Tom of Finland depicts fantastical hypermasculine beefcake bodies as vessels for leather – all bulges, boots and uniforms engaging in either furtive or vivid carnal excess.

This was born of formative experiences lusting after workmen as a teenager, and then when conscripted, cruising for soldiers during the blackouts of the second world war. This military world was then supplemented by other influences, such as 1950s motorcycle gang culture as exemplified by Marlon Brando in The Wild One (1953).

For Beryl Cook, her fetishes are equally specific: shoes, food, fat fingers, fags, make-up and flashy fashion. Strictly composed scenes of endless raucous revelry are dominated by monumental figures collaged out of these objects and attributes.

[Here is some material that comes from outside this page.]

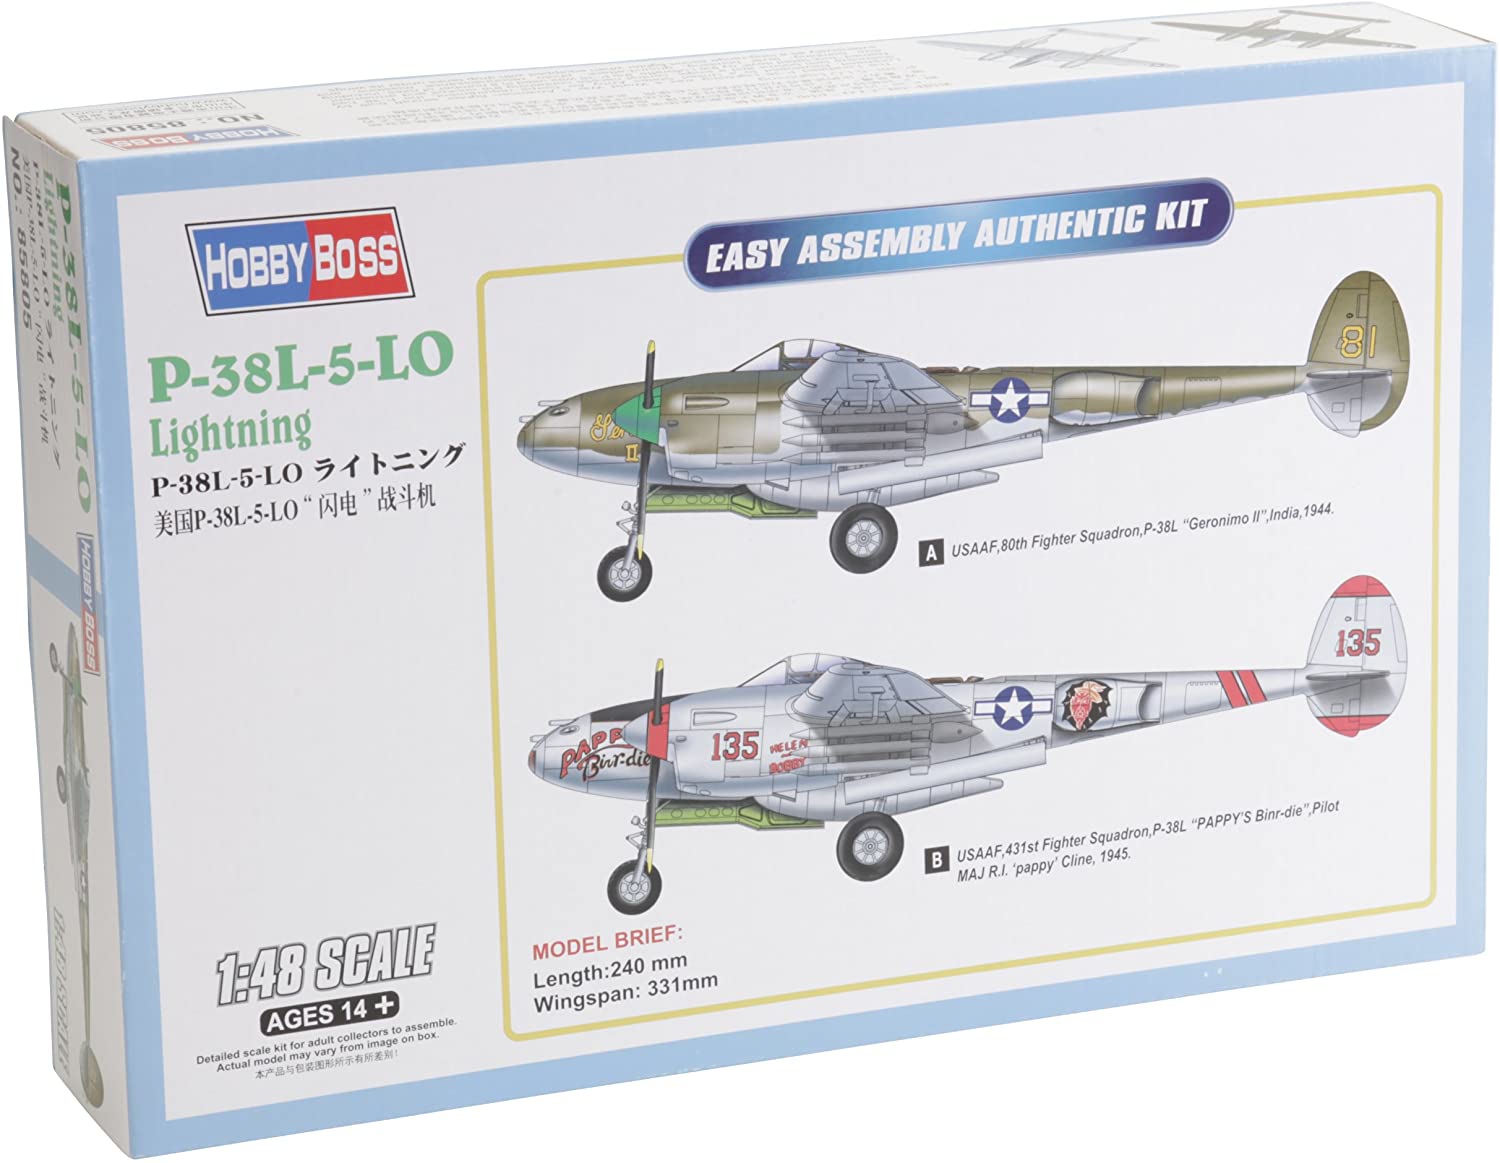 ホビーボス 1/48 エアクラフトシリーズ P-38L-5-LO ライトニング プラモデル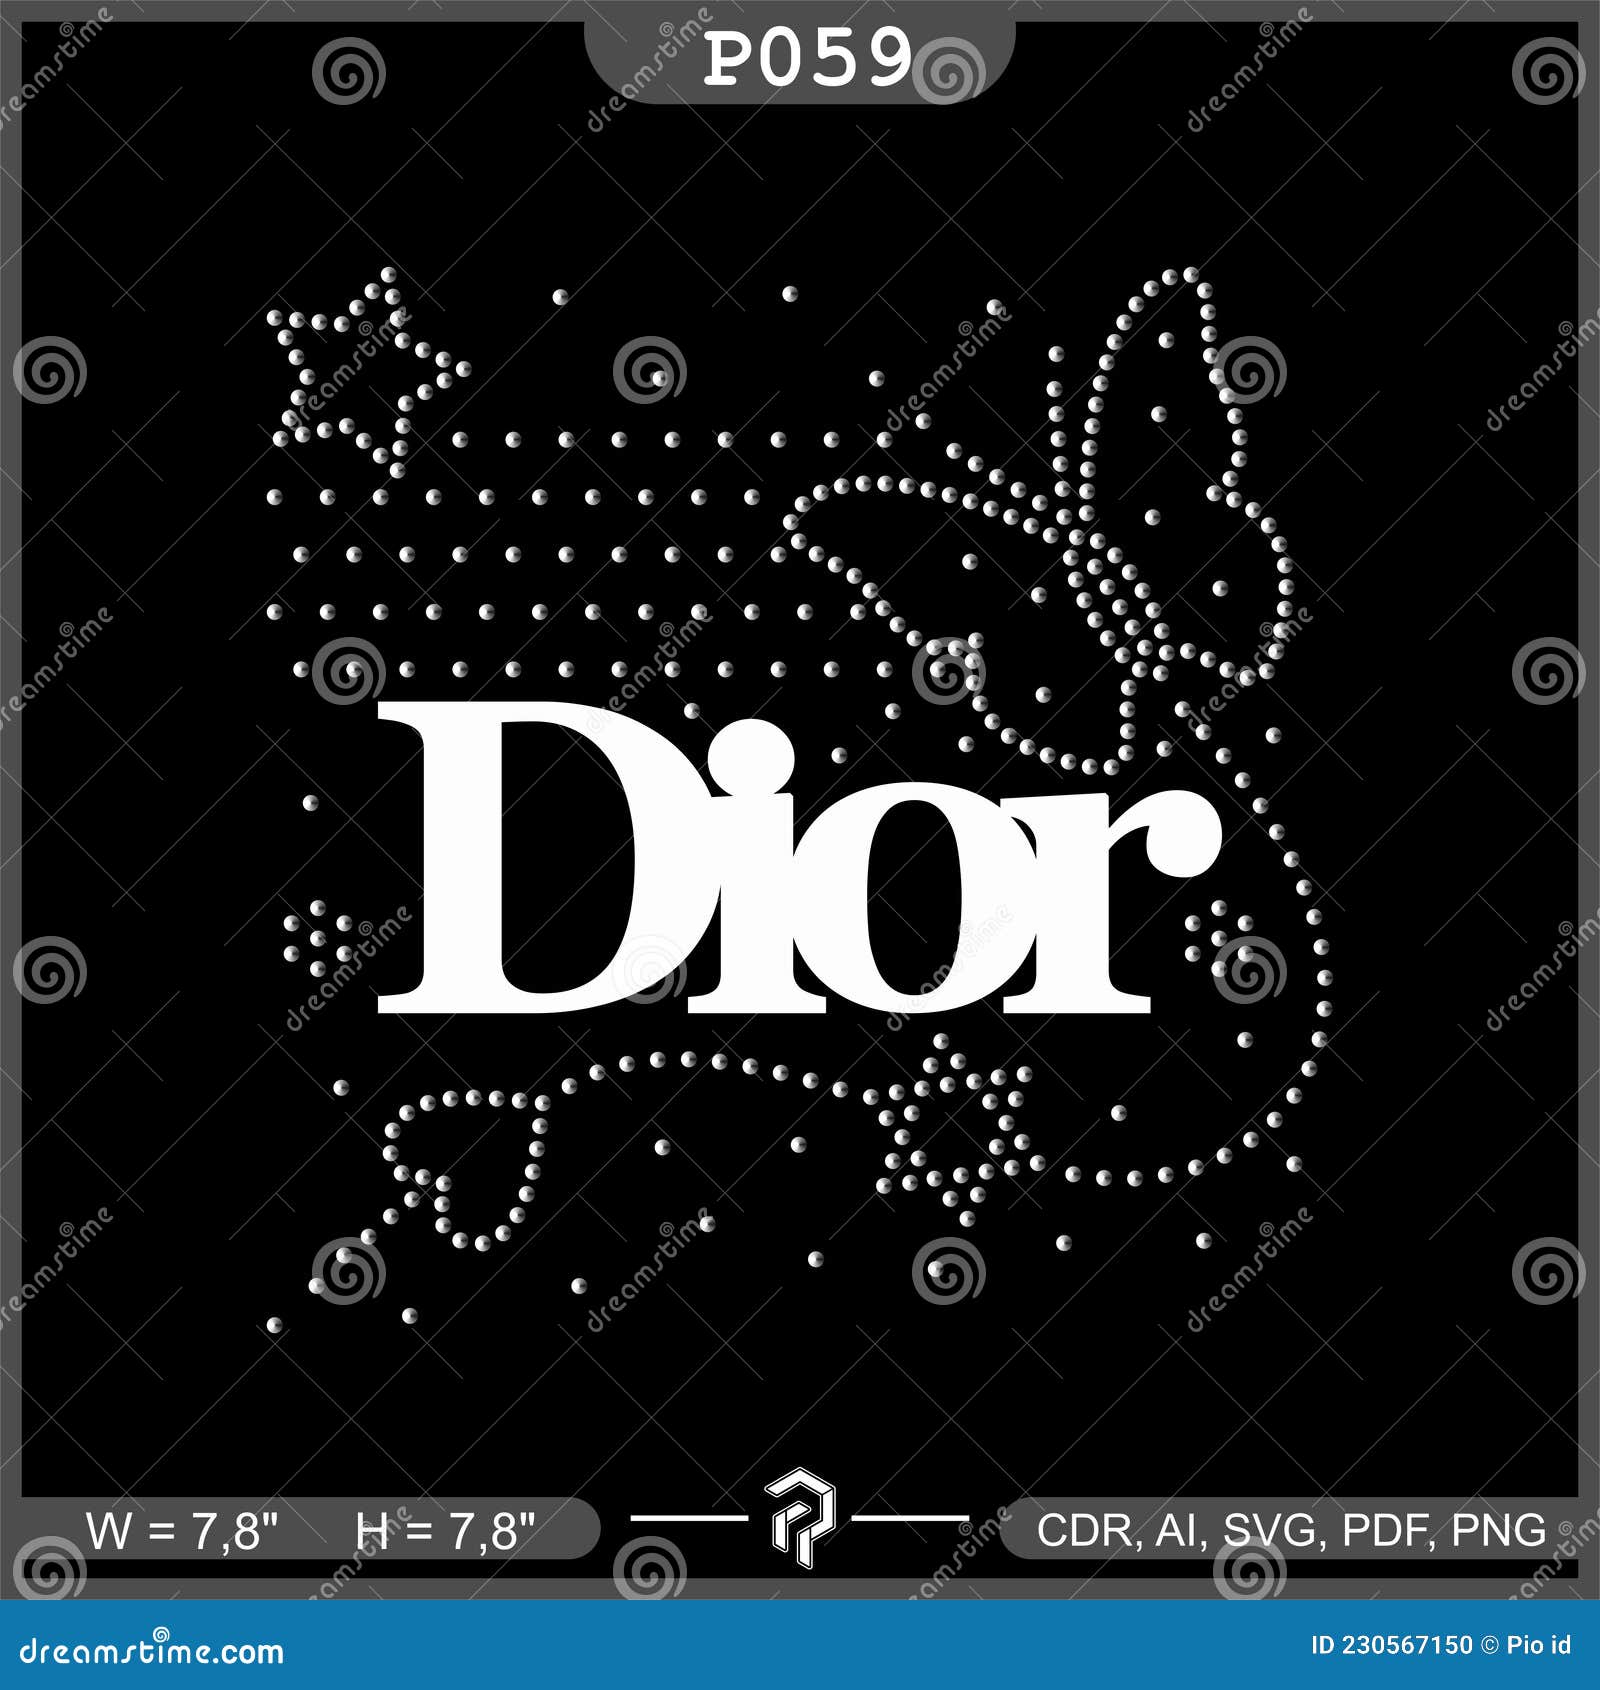 Dior Seamless Patterns, Vol. 1: Monogram by itsfarahbakhsh on DeviantArt

As the programme explains, the exhibition also aims to compare “the two artists’ distinct and coherent way of hyper-realising the body”. Whether in thongs, leopard print or tight leather, in this show at least, this formalised system of representation is overwhelmingly evidenced in exquisite depictions of the bum.

Lust, voyeurism and fun

Underlying all of this is the compulsive pleasure of voyeurism: in Tom’s case, lust and longing; in Beryl’s, fun and affection, but distanced. Both artists have equally run the gauntlet of various commentators trying to exclude them from the category of art, under charges of indecency or incompetency respectively. But the pairing in this show confidently renders those questions irrelevant; they help each other out.

Tom lends Beryl a serious, alternative and queer cultural context, while Beryl brings out the essential joy and wry humour in Tom’s work. Importantly, the show includes her depictions of the Lockyer Tavern in Plymouth and the Bang! club night (the precursor to London’s G-A-Y) – important social spaces for lesbians, gay men, sex workers and trans people.

The relationship is also emphasised by the curatorial choices, such as Tom’s muscle man crawling his way through a forest of jackboots, one lightly pressing down on his groin, counterpoised with Beryl’s pavement view of strappy leather shoes, leopard-print dress trims and pampered poodle paws.

There are three vitrines (glass display cabinets) in this show, contextualising the works on the wall in terms of their (re)production, distribution and reception. Treats include Beryl’s photo albums, opened at images of drag queens and slyly snapped bottoms peeking through the backs of chairs. These sit alongside her concise sketches, notably of women’s open-sided PVC trousers and fruit machines.

Style and substance

Tom of Finland initially became known through his own self-printed photographs, designed to evade customs, but reached a wider audience through publications such as Physique Pictorial, a men’s health magazine with coded gay erotic content. It is this distribution network that first introduced the work to a younger generation of gay artists such as the American photographer Robert Mapplethorpe.

Beryl’s work also became famous through calendars, greeting cards, book illustrations and affordable reproductions, which then began to decorate the working-class social spaces she depicted. Both artists had a close relationship with their fanbase, and the opening-night crowd for this show was a beautiful overlaying of the two audiences – a queer mix Beryl especially would have enjoyed.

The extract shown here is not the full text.